Кружилась угарная голова и чары еще не выветрились на озерном ветру, и я с тревогой сился припомнить: что же привиделось в упокое прозрачно-зеленой воды?.. что наплыло к расширенно замершим, то ли видящим, то ли не видящим глазам?.. что нашепталось ушам, в оцепенении чутко скрадывающим в кромешной тиши певуче тихие и протяжно манящие голоса?.. Но вспомнить ничего не удавалось, а когда память напрягалась и вытягивалась назад во времени и, затаившись, вслушивалась в себя, когда чудилось, вот-вот прозвучит ответ, перед глазами начинает проявляться водянисто-голубой, размытй лик, еще неразборчиво погудывает, глухо рокочет далекий-далекий голос… тут же, словно с петель, перед памятью срывались темные ставни, перед глазами все меркло, в голове мутилось, позванивало эхом дальнего голоса, а в виски стучала глуховатая боль…
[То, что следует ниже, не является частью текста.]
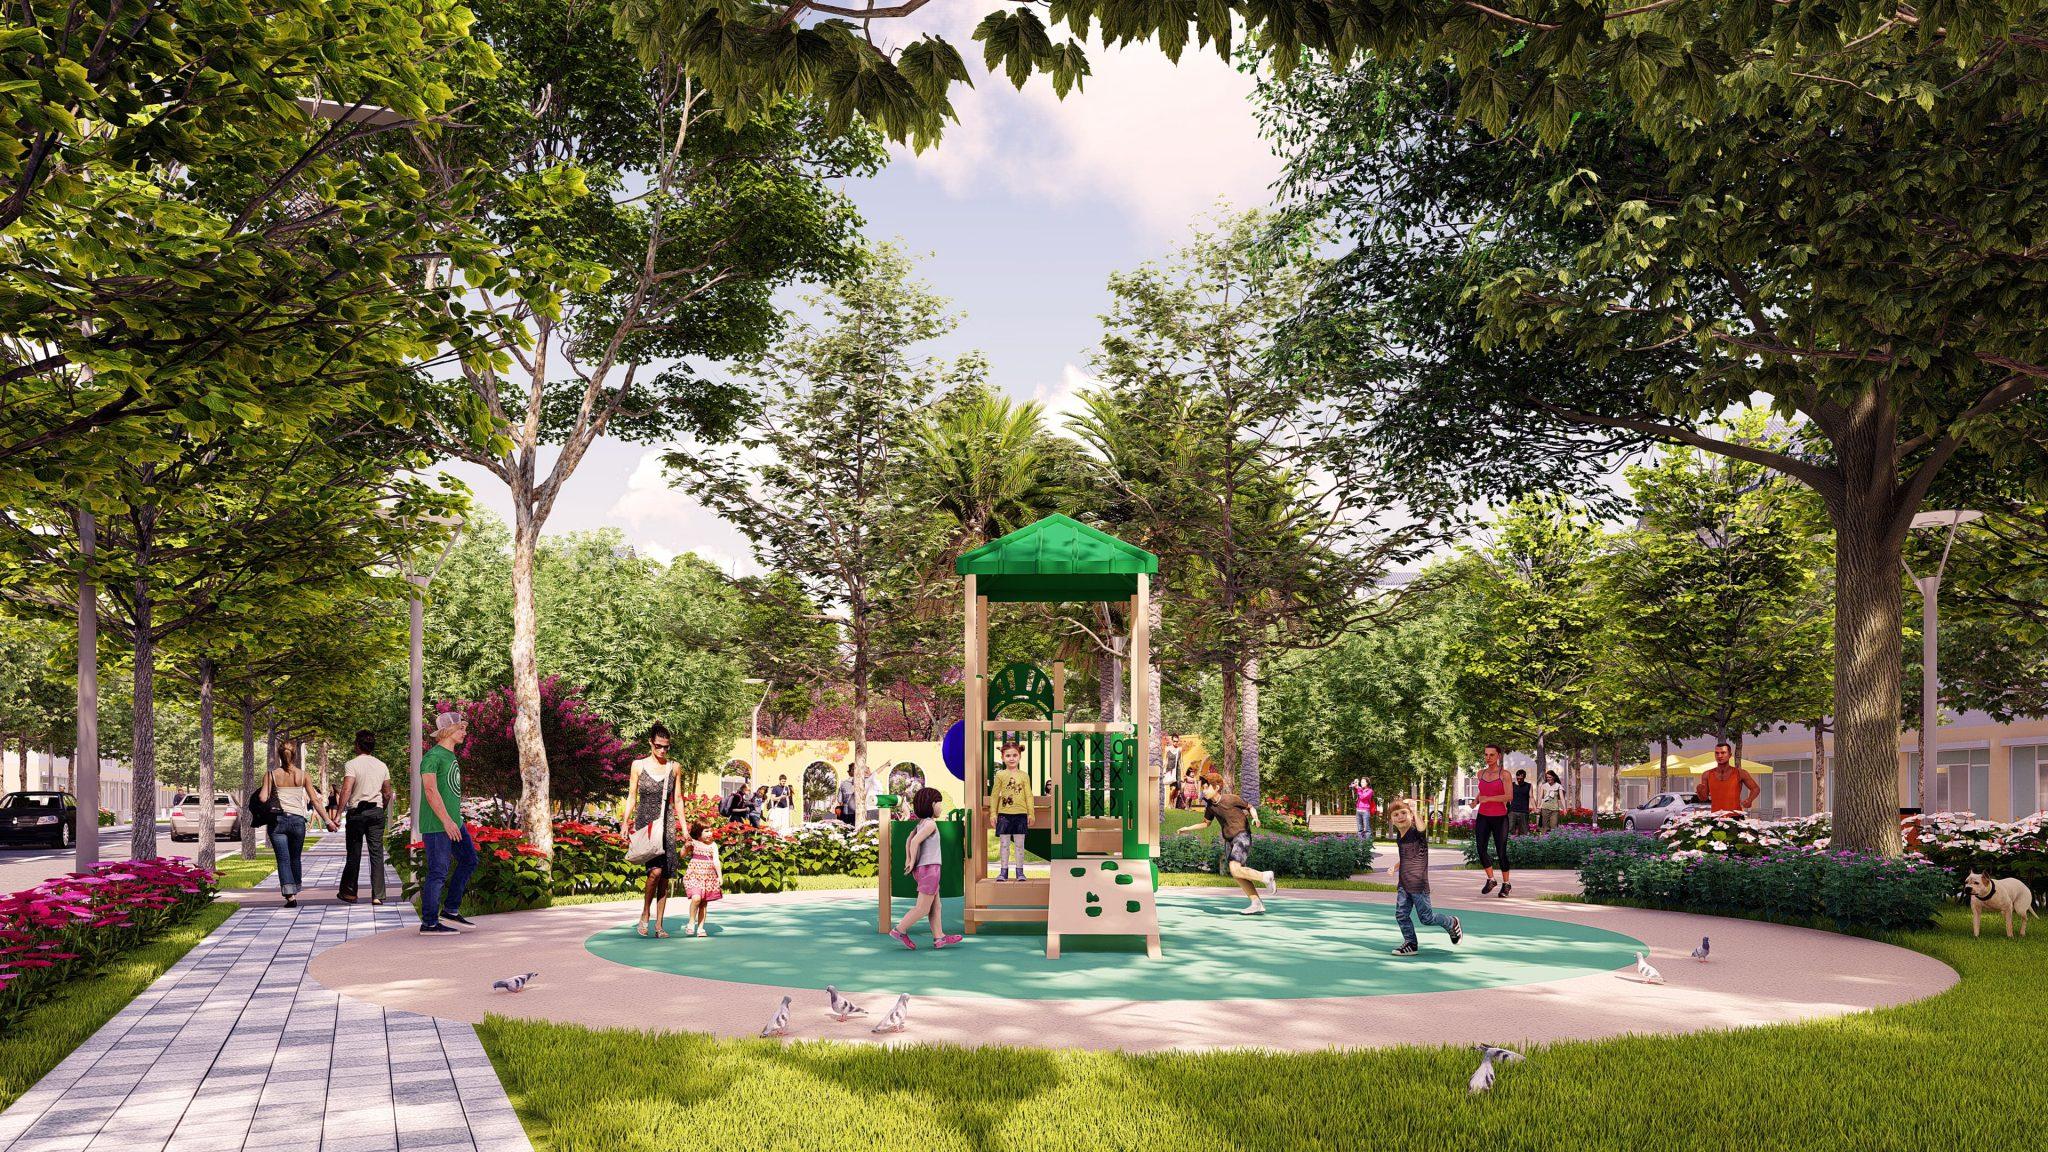 thiết kế cảnh quan công viên areca

Ощущение было счастливым и жутковатым — все в теплой, живой сути противилось странному и манящему видению, но и влекло к нему, охватывая ледяным, чистым холодом, который, чудно подменившись, казался уже и не холодом — теплом, ласковым и желанным. Боль в голове стихала, и было непривычно легко, словно прозрачная вода пролилась сквозь меня, вымыв тяжелый илистый нанос.
Хотя я и брел к берегу, но все во мне было еще замороженно, не готово к жизни, особенно — глаза, ничего не видящие перед собой, не видящие соседских ребят, счастливо гомонящих на льду и, кажется, зовущих меня; крики и смех, как сквозь лед, доплывали глухо, ослабленно, да я, оберегая в себе озерной покой, и не пытался разобрать крики, а, подальше обходя уличных дружков, молил, чтобы никто не кинулся ко мне весело тормошить, потому что с болезненным страхом казалось: толкни со всего пылу, и все во мне тут же рассыплется ледяными острыми осколками.
* * *
Тут уж, горько ни горько, а сознаюсь как на духу, что маленьким я за версту обходил гомонливые ребячьи игры, словно умудрился наперед своих малых годов; да и заполошные игры на лесах сохнущего сруба либо на льду или приозерной горке — с берданами из осины и березовыми мечами да саблями — игры эдакие нередко вершились спором, дракой и красной юшкой из носа; а драк я, смирный телок, боялся пуще огня. Бог весть, отчего и когда угарным жаром вдохнулся в душу мою безумный страх: может, хмельной и буйный родич напугал, когда я, титешник, качался в подвешанной к потолочной матице, берестяной зыбке, как на зыбистой волне; а может, страх загнали в меня, малого, крикливые мужики и бабы, о святки ряженные в бесовские хари, плящущие, как нежить на лысой горе?.. Словом, драк я страшился, а при виде людской крови чуть ли не бился в родимчике — внизу живота сосуще и больно сжималось, начинало всего колотить частой и видной глазу дрожью; и ничего я не мог поделать с собой, хотя и стыдно было, и противно от сознания страха и бессилия перед чужим грубым напором.
Но, как ни крути, ни верти, а драться доводилось – на то и озорное озерное детство – вернее, угощаться… кому пироги да пышки, а кому синяки да шишки. Хотя …обидно, смешно и грешно… Бог смалу не обидел силушкой, и в пятнадцать лет я мог любого сверстника забороть, но бить в лицо, в живые испуганные глаза… словно плюнуть в икону Божью. Бить рука не подымалась. А ведь тешился пудовыми гирями, играюче метал и жал двухпудовую, да, похваляясь перед соседями, азартно таскал с озера трехведерные бидоны с водой. Взвалив на загорбок, бахвально волок полторы версты, отчего, дурак, и не вырос, в корень ушел… коренастый… навечно придавился цинковым бидоном к матушке земле, отчего и смахивал на малую подворотную дворнягу, породистая башка которой словно прилажена от большой и путней зверовой лайки.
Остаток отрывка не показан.